Graph Theory: Key to Understanding Big Data
Article originally posted to Wired.com by Emil Eifrem.
Dr. Roy Marsten wrote in March that Graph Theory was a key approach in understanding and leveraging big data. As a advocate of graph theory and as a developer building graph databases since 2003, it was wonderful to read someone else with similar insights and appetites.

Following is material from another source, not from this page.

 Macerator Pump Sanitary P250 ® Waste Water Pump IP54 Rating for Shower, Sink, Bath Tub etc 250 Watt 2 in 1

As Dr. Marsten notes, Google started the graph analysis trend in the modern era using links between documents on the Web to understand their semantic context. As a result, Google produced a Web search engine that massively outperformed its established competitors and saw it jump so far ahead that “to Google” became a verb. Of course we know very well Google’s history since then: its graph-centric approach has seen it deliver innovation at scale and dominate not only in its core search market, but also across the information management space.
Graphs for Everyone
But graphs aren’t just for the likes of Google with virtually limitless funds and armies of Ph.D.’s at their disposal. While Google and its competitors might be content to build their own graph data infrastructure, that technology is also available off the shelf to the rest of us.

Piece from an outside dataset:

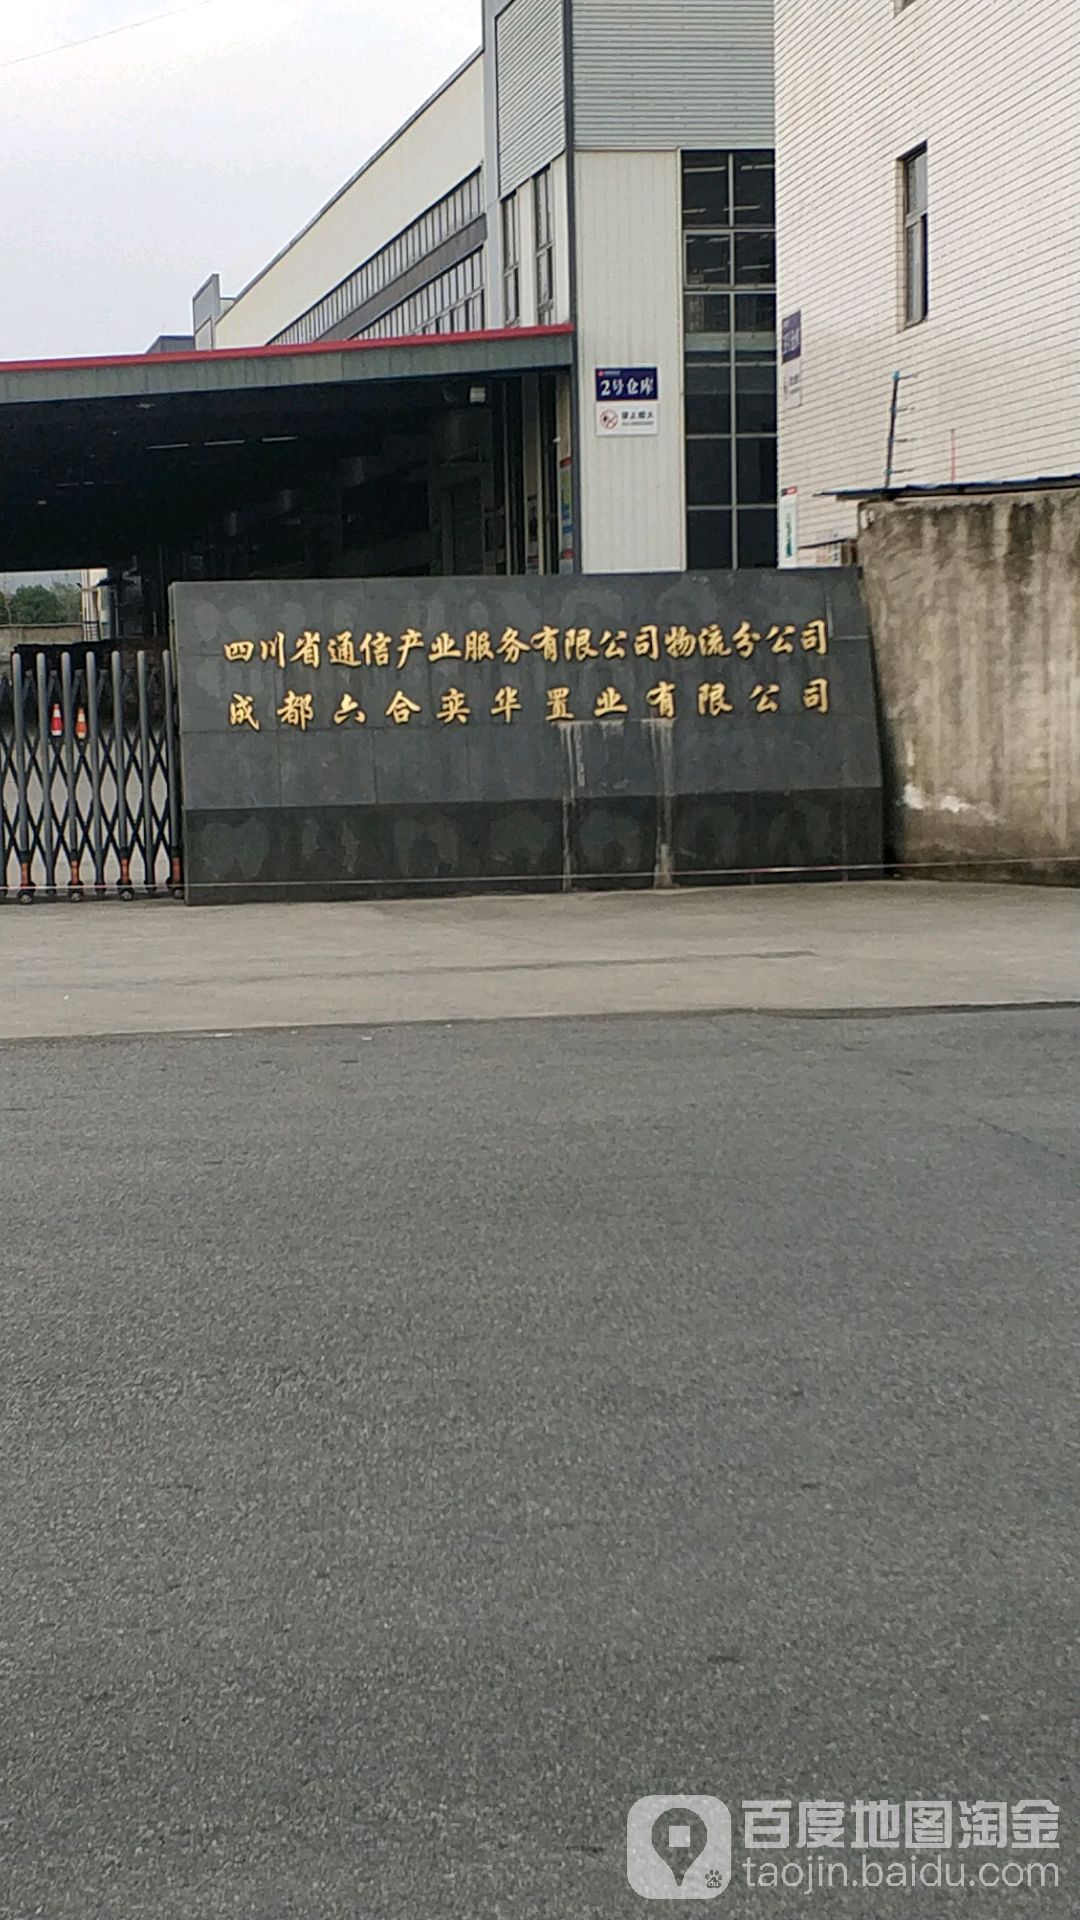 四川省通信產業服務有限公司物流分公司

For example, the Neo4j project is a mature open-source graph database used in production at all kinds of organizations from Global 2000s like Walmart, Lufthansa, and Cisco, to innovative startups like FiftyThree, Medium, and CrunchBase. Graph databases like Neo4j have risen to prominence recently, and as 451 Research analyst Matt Aslett recently observed, are moving out of the general NOSQL umbrella into a category in their own right. They have become popular because like Dr. Marsten, many thousands of other software and data professionals have seen that graphs are the best way of storing and querying their increasingly complex interconnected data.
Web search isn’t the only domain where graphs have provided amazing competitive advantage. We’re all well aware of how Facebook and Twitter have used the social graph to dominate their markets, and how Facebook and Google are now using their Graph Search and Knowledge Graph respectively to gear up for the next wave of hyper-accurate and hyper-personal recommendations, but graphs are becoming very widely deployed in a host of other industries. Gartner points to consumer web as another industry where graphs have played a critical behind-the-scenes role in determining competitive outcomes, in a paper whose name says it all: “The Competitive Dynamics of the Consumer Web: Five Graphs Deliver a Sustainable Advantage.”

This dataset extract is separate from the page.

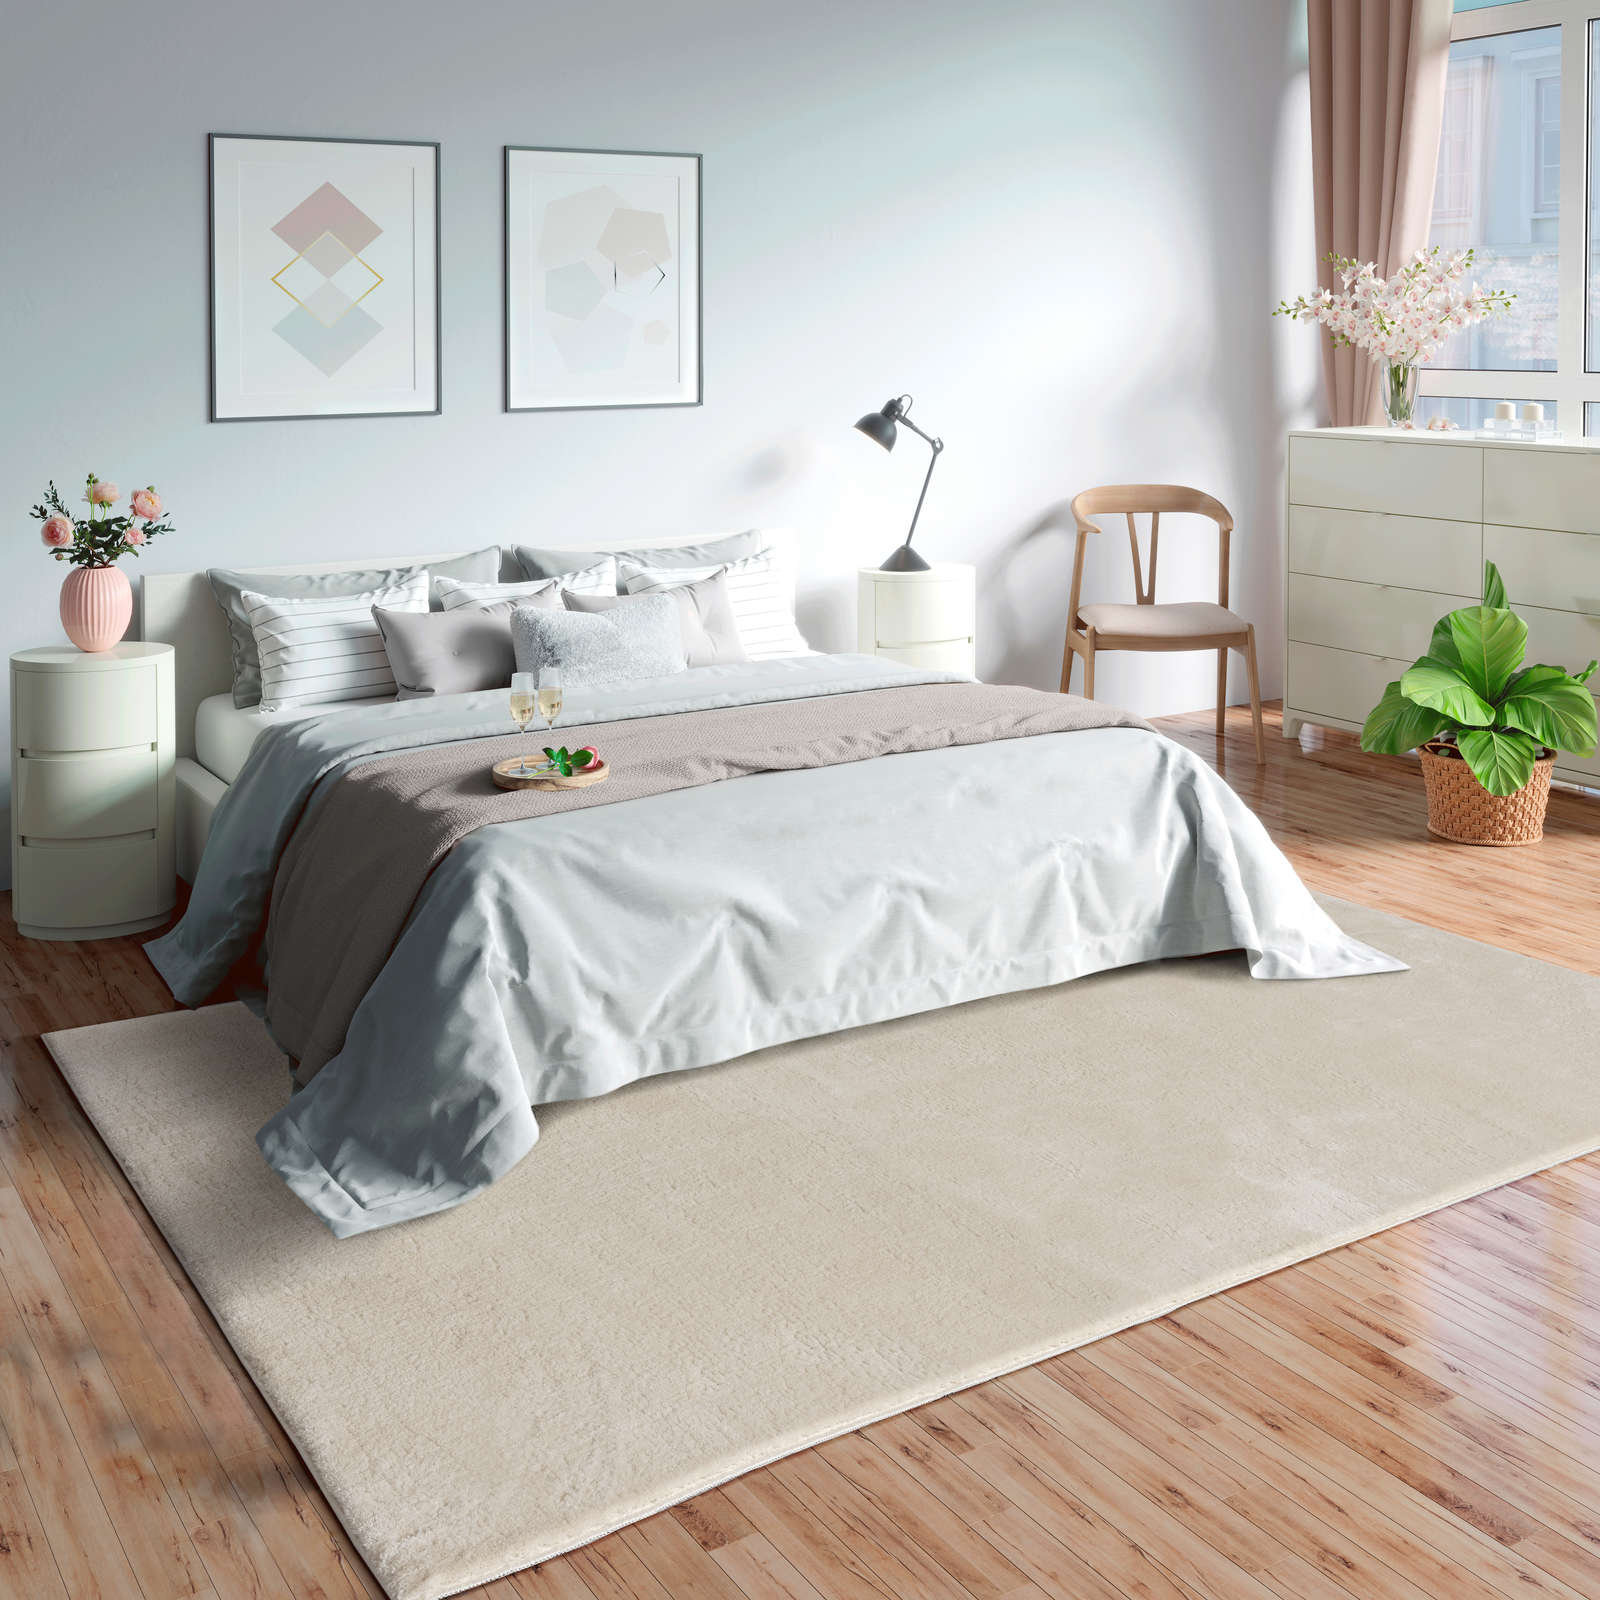             Zacht hoogpolig tapijt in beige - 290 x 200 cm

One concrete example of graph databases being used outside of search is eBay, who (owing to a recent acquisition of Shutl) provides a service that uses graphs to compute fast, localized door-to-door delivery of goods between buyers and sellers, scaling their business to include the supply chain. Incidentally, eBay observed that before turning to graphs the latency of their longest query was higher than their shortest physical delivery, both around 15 minutes — something that can’t now be replicated when an average query is powered by a graph database and takes 1/50th of a second!
The eBay example is not isolated. Organizations large and small are adopting and winning with graphs in retail, finance, telecoms, IT, gaming, real estate, healthcare, science, and dozens more areas. It’s an existential proof that Dr. Marsten’s hunch about the power of graphs is absolutely true.